Я пришел, чтобы последний раз перед отъездом просмотреть бумаги на столе. Бумаг было множество. Самые важные, касающиеся дел, против которых у меня не было возражений, я завизировал и положил в папку с надписью «Министру». Остальные лежали стопкой на левом краю стола, и у меня не было ни малейшего желания с ними разбираться.
– Я их аккуратно сложу! – заметив мое беспокойство, пообещала Нилочка.
– Ты их сложи так, чтобы больше их никто никогда не видел, в том числе и я! – попросил я полушутливо.
– Ой, – встрепенулась она вдруг. – Я же забыла сказать, вам Догмазов вчера звонил, просил разыскать его!
– Вернусь – разыщу! – кивнул я.
Она стояла одетая в зауженную в коленях черную юбку. Белая блузка с кружевным воротничком придавала ей свежести, подчеркивала молодость и намекала на невинность. Она и в этот момент казалась мне удивительно привлекательной. Во влажных глазах я прочитал просьбу не забывать ее. Я крепко обнял ее на прощанье и пообещал звонить.
Киев. Декабрь 2015 года.
К вечеру мое сердце успокоилось. Но душевное беспокойство осталось. Оно даже усилилось после того, как Светлов сообщил, что Казимир летал в Москву и встречался с высшими чиновниками российского правительства.
«А почему я никуда не летаю? – задумался я. – Почему ни одного визита за рубеж за последние месяцы, если не считать Монголии?»
Я приказал соединить меня с министром иностранных дел. Он испуганно залопотал, что до моей операции было нельзя, а сейчас, после операции, еще рано. Что государственные визиты – штука тяжелая для президентского здоровья. Что нужно окрепнуть. «Мы готовим визит в Албанию, – под конец рассказал он. – На начало марта следующего года!»
«Албания? – задумался я, опуская телефонную трубку. – Зачем нам Албания? Устраивал бы сразу визит в Гондурас!»
К девяти вечера овладевшая мной тоска стала почти нестерпимой. Захотелось прекрасного. Но Майи в ее квартире за стенкой не оказалось. И я приказал помощнику организовать поездку в музей.
– В какой? – испуганно спросил он, кося взглядом на настенные часы.
– А в каком у нас что-нибудь прекрасное есть?
Он пожал плечами.
– Я был только в Музее Отечественной войны, «под бабой».

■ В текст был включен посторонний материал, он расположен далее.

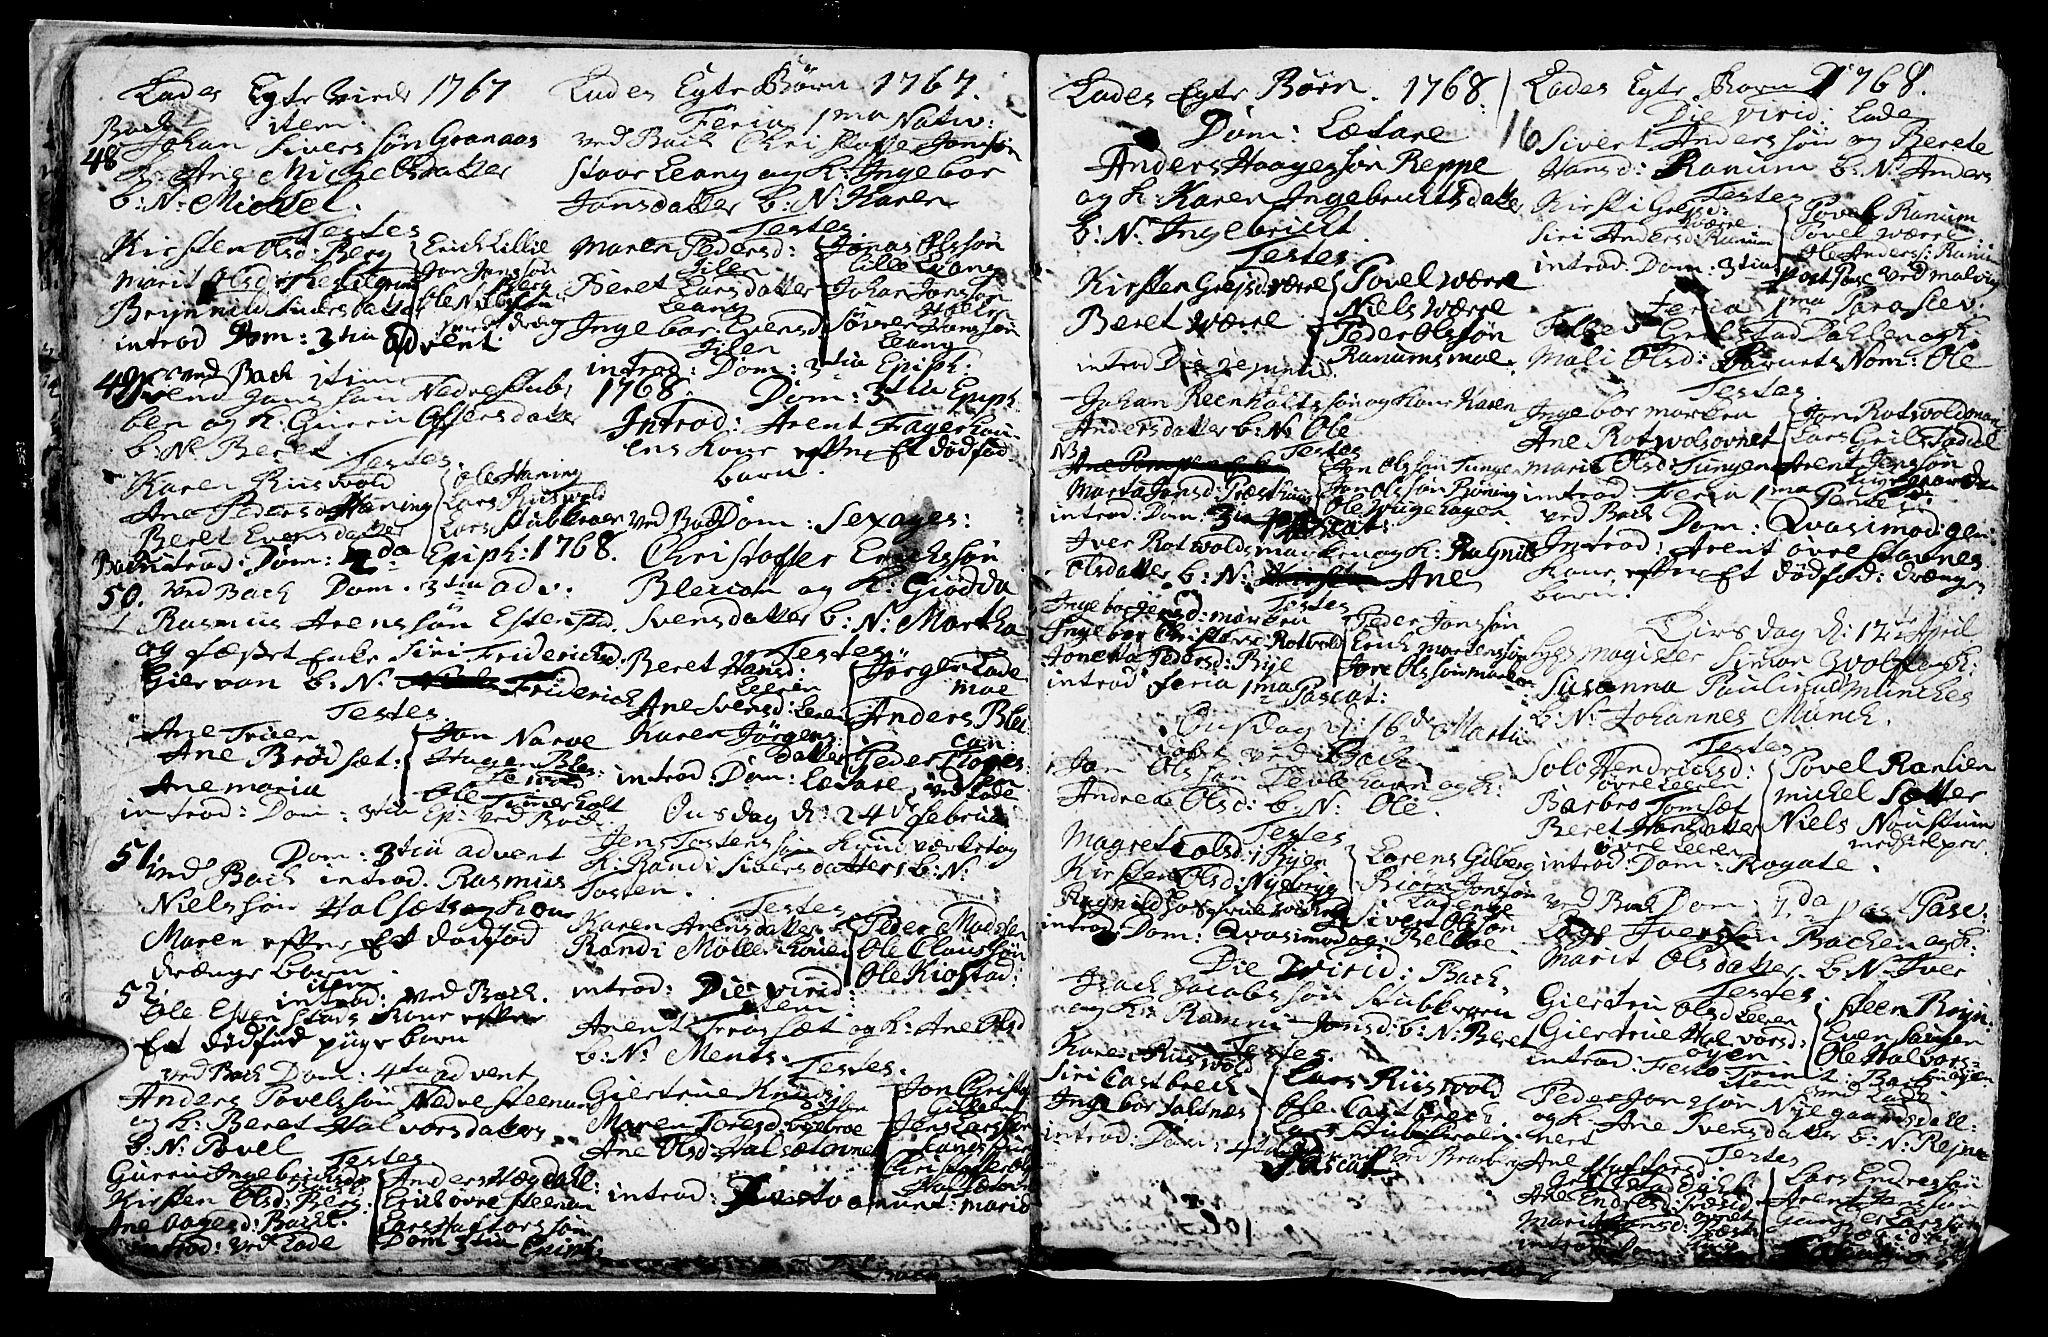 SAT, Ministerialprotokoller, klokkerbøker og fødselsregistre - Sør-Trøndelag, 606/L0305: Klokkerbok nr. 606C01, 1757-1819, s. 16

– «Под бабу» будешь сам ездить. Я хочу увидеть картины.
– Русский музей?
– Давай в русский!
Минут через сорок под моими ногами уже поскрипывал старинный паркет Музея русского искусства. Перепуганные директор и научные сотрудники музея остались стоять у лестницы вместе с моей охраной. Я хотел одиночества, я хотел уединиться с чем-то прекрасным. Я уходил все глубже и глубже в русское искусство и оказался в тупиковом зале, на стенах которого висели огромные и действительно прекрасные лесные пейзажи Шишкина. Шишкина я любил. Один из его пейзажей охранял мой сон, украшая стену над президентской кроватью.
«Вот, – подумал я, присаживаясь на деревянную скамью для созерцания картин. – Вот куда я хотел! Туда, на эти солнечные поляны. Хрен с ним, что это русский лес. Наверняка рисовал Шишкин с натуры где-нибудь тут, в украинских лесах. Или между украинскими и русскими лесами нет никакой разницы!»
Киев. Июль 1987 года.
Жизнь прекрасна и вкусна. Это я понял в первый же день практики. Меня и Викторию Козельник отправили на месяц в столовую ЦК комсомола. Правда, было бы логичнее, если бы сюда приставили кого-нибудь из кулинарного училища, но тогда мы с Викой пролетели бы, как фанера над Парижем. И оказались бы в какой-нибудь заводской столовой или на мясокомбинате.
А так мы оба, как ангелы, в белом. Раскладываем готовые продукты питания по тарелочкам, украшаем, следим за соблюдением порционности, делаем контрольные взвешивания котлеток и мясной нарезки. И при этом успеваем бросить себе в рот то колбаски, то сыра.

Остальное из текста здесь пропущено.